▸ WHAT THE TASK REQUIRES
Print exactly the lines that run from the first line of the material to the line containing "Build Me Up", both ends included, and skip the pictures.
*** Opening EXERCISE INPUTS ***
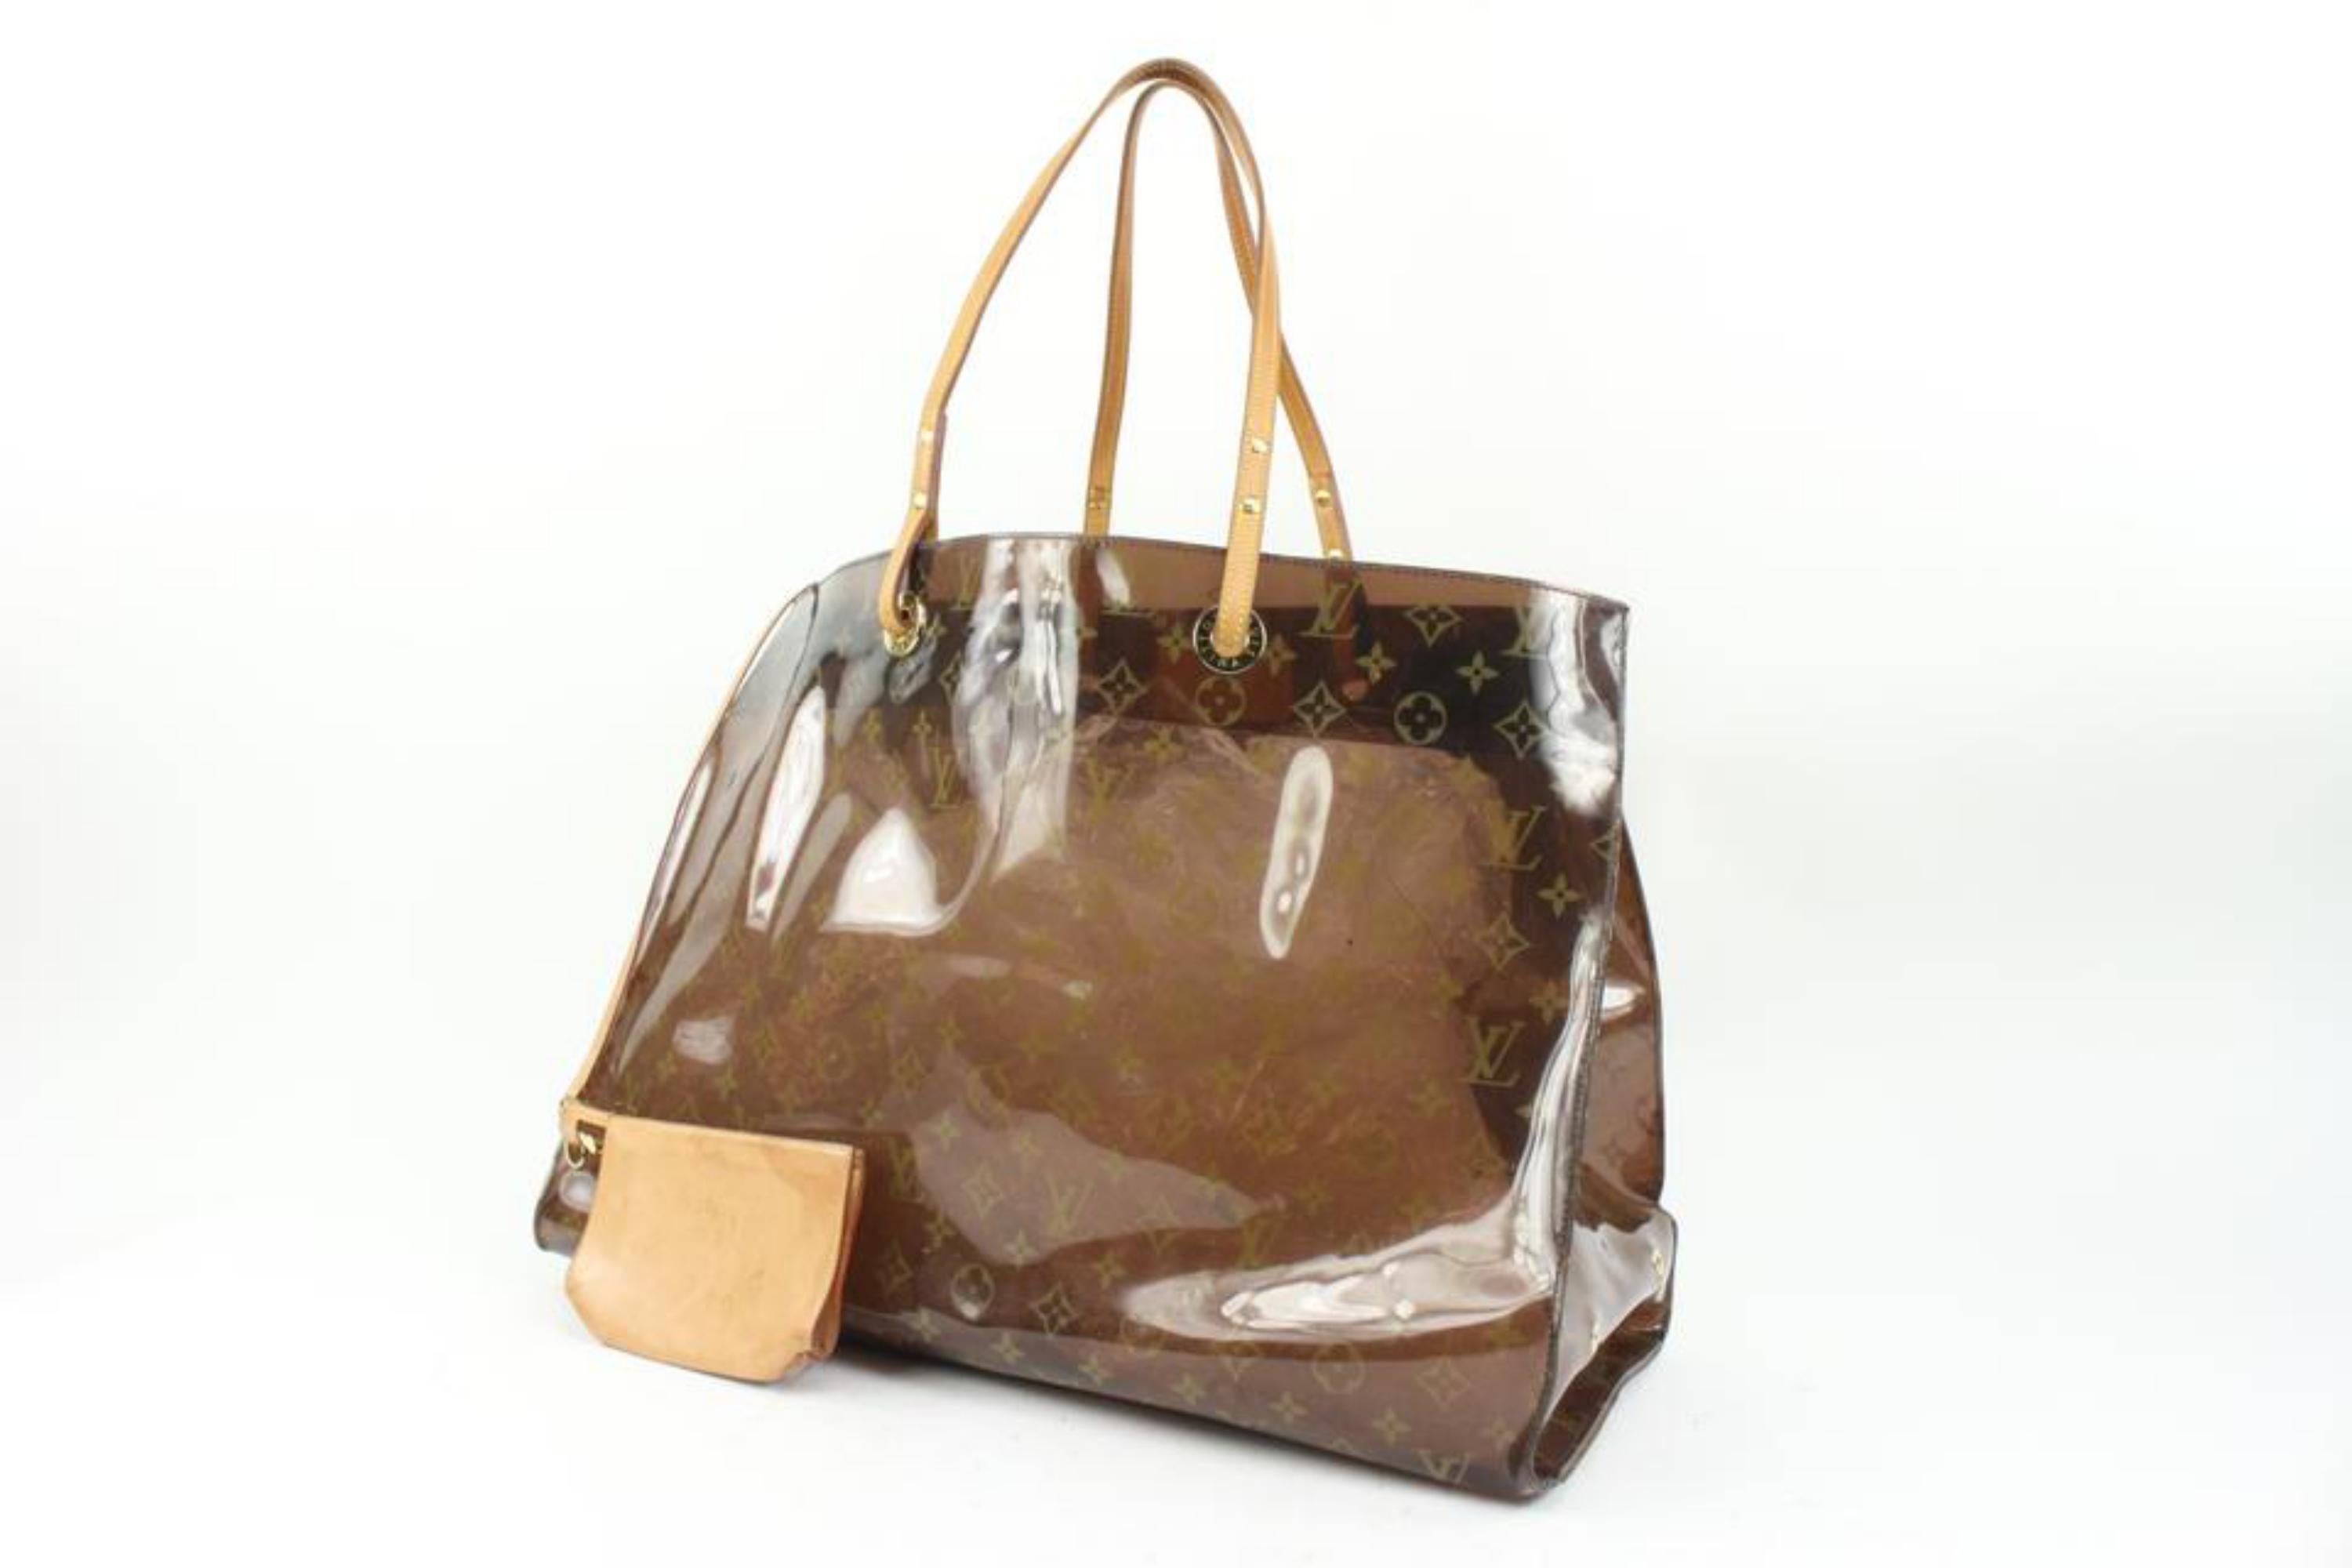 Louis Vuitton Clear Translucent Monogram Ambre Cabas Cruise GM Tote w Pouch 17lv216s
Date Code/Serial Number: LW0030
Made In: Spain
Measurements: Length:  18.5
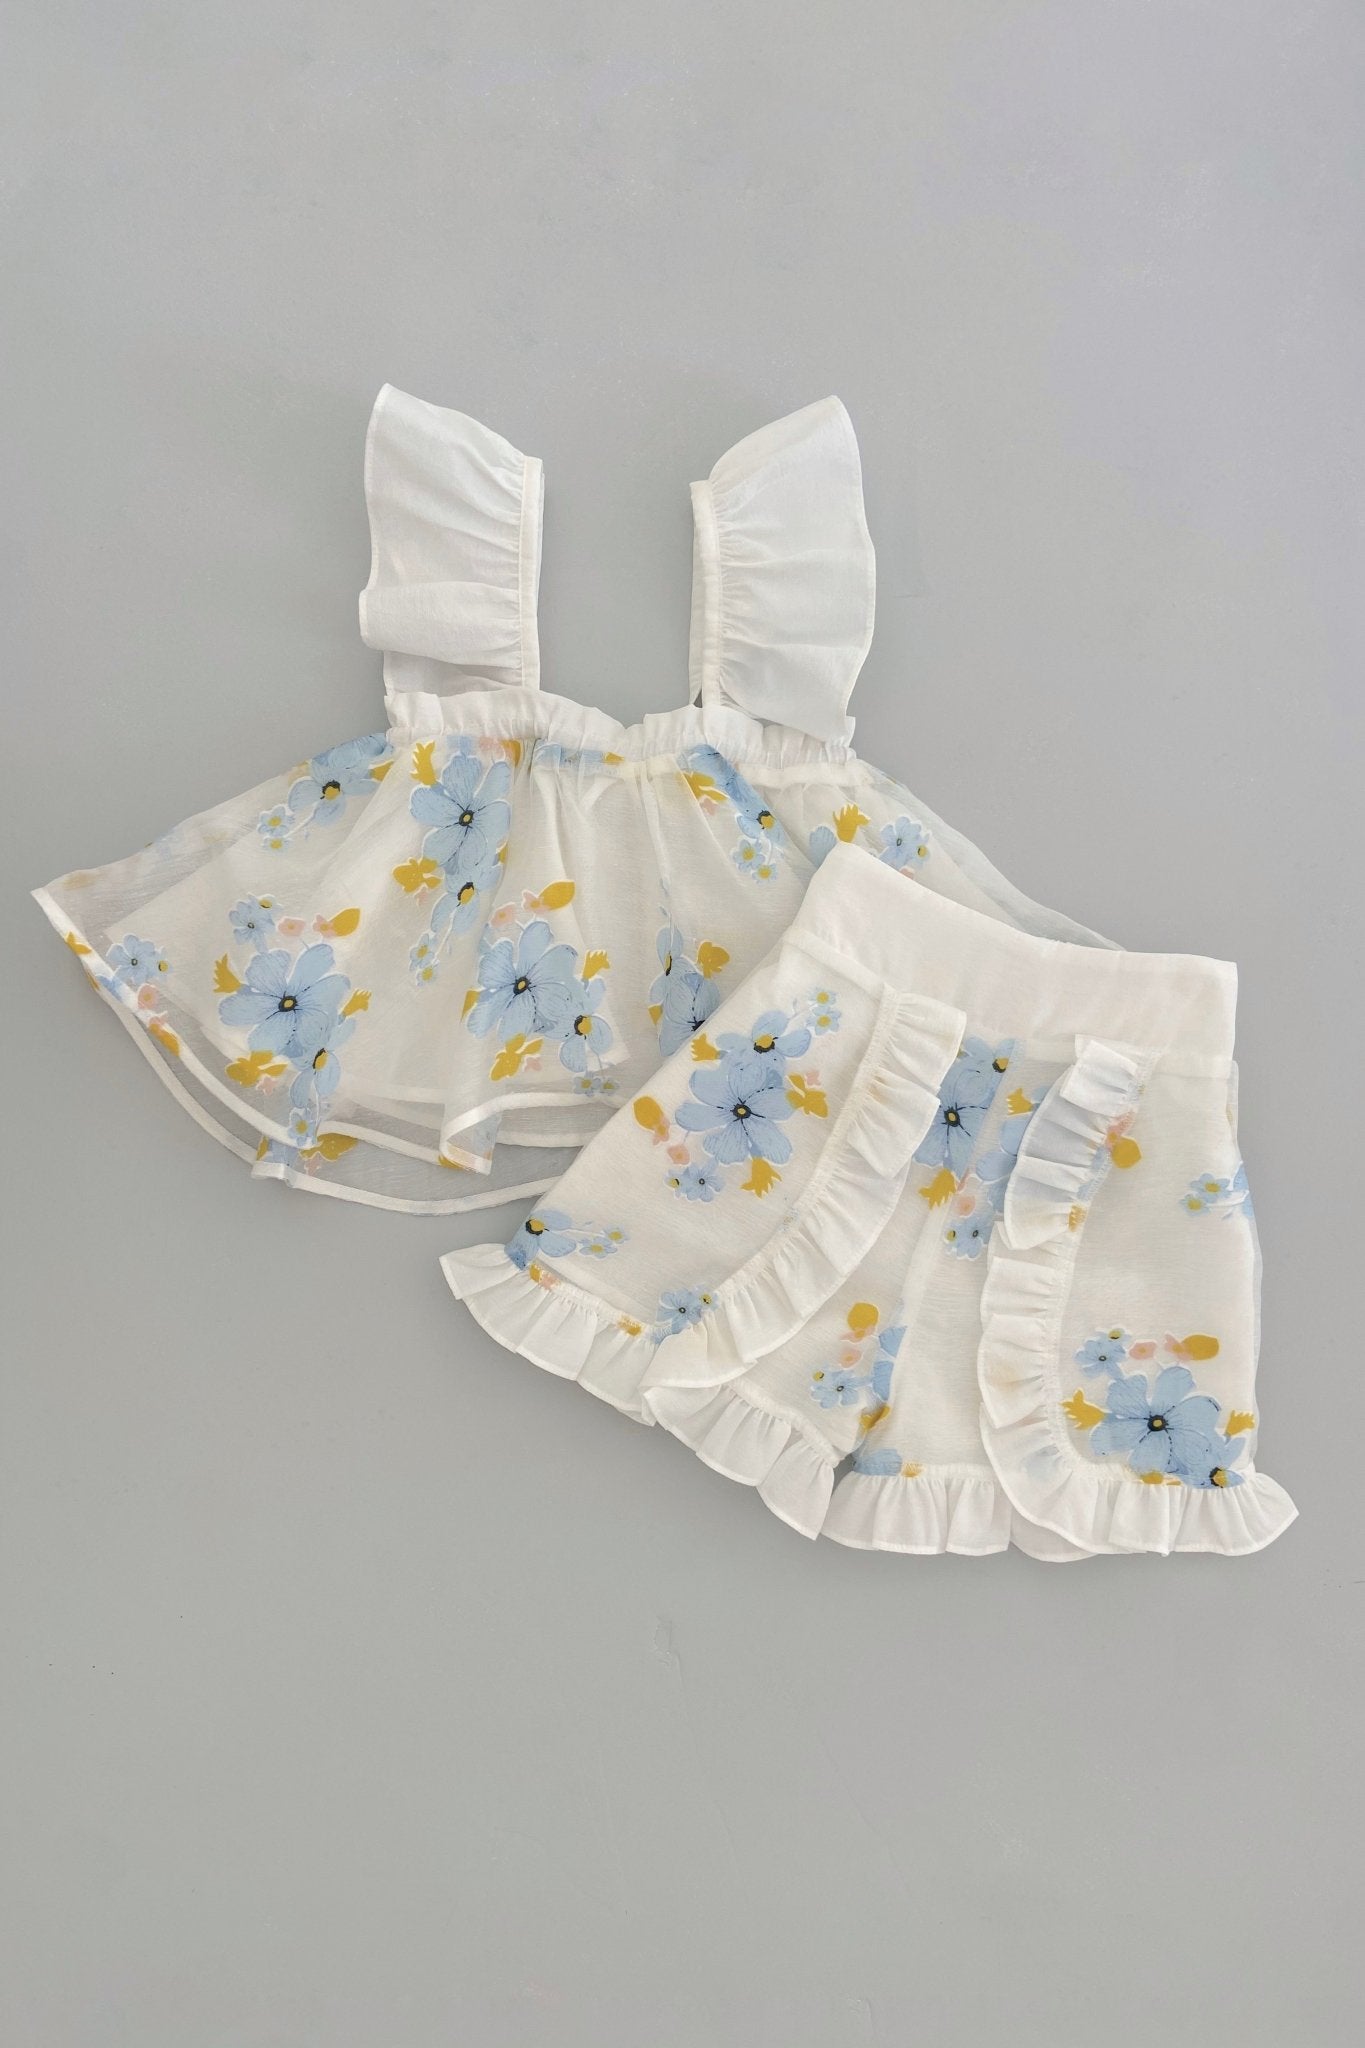 Build Me Up Buttercup Top - Forget Me Not Organza - Chloé and Amélie
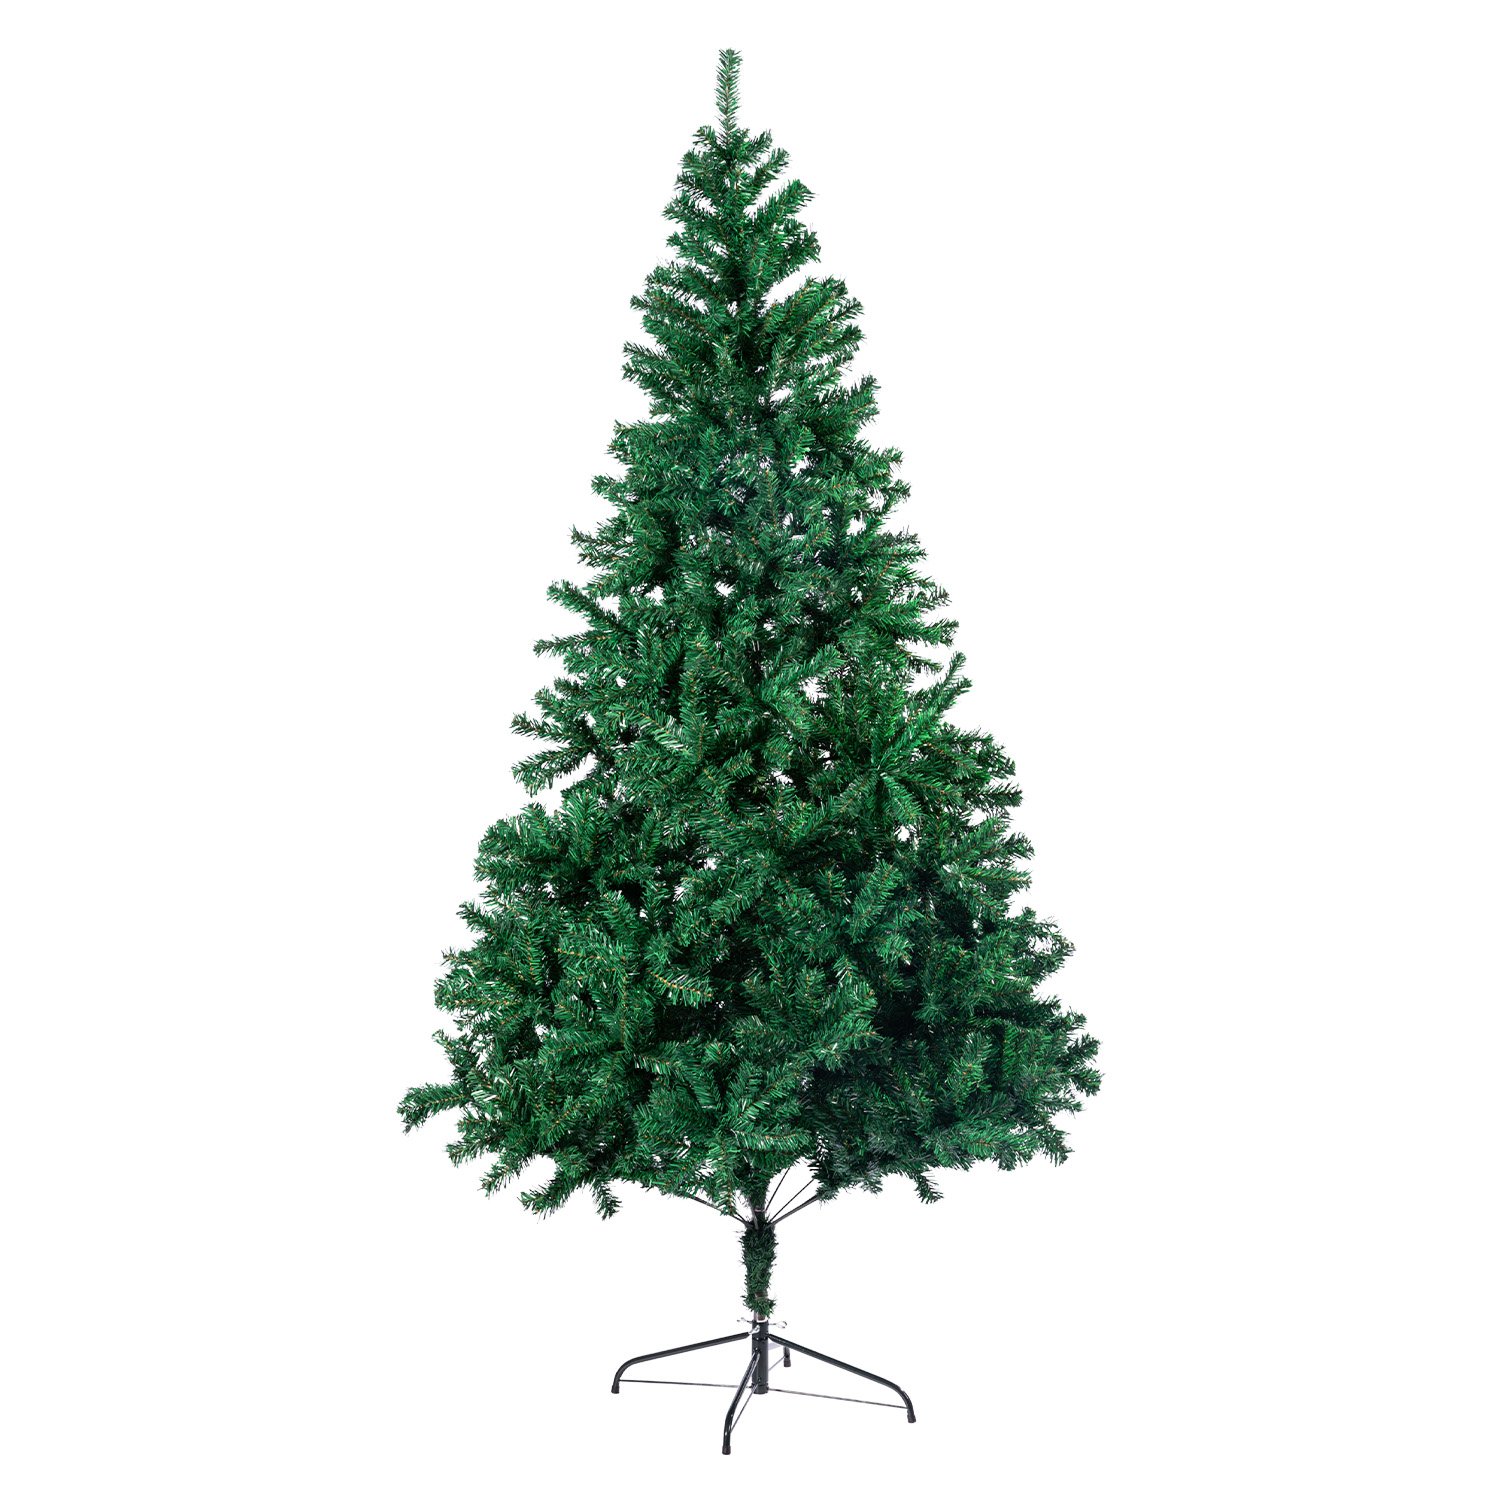 Christabelle Green Artificial Christmas Tree 1.5m - 550 Tips 1
*** Closing EXERCISE INPUTS ***
▸ FINAL ANSWER
 Louis Vuitton Clear Translucent Monogram Ambre Cabas Cruise GM Tote w Pouch 17lv216s
Date Code/Serial Number: LW0030
Made In: Spain
Measurements: Length:  18.5
 Build Me Up Buttercup Top - Forget Me Not Organza - Chloé and Amélie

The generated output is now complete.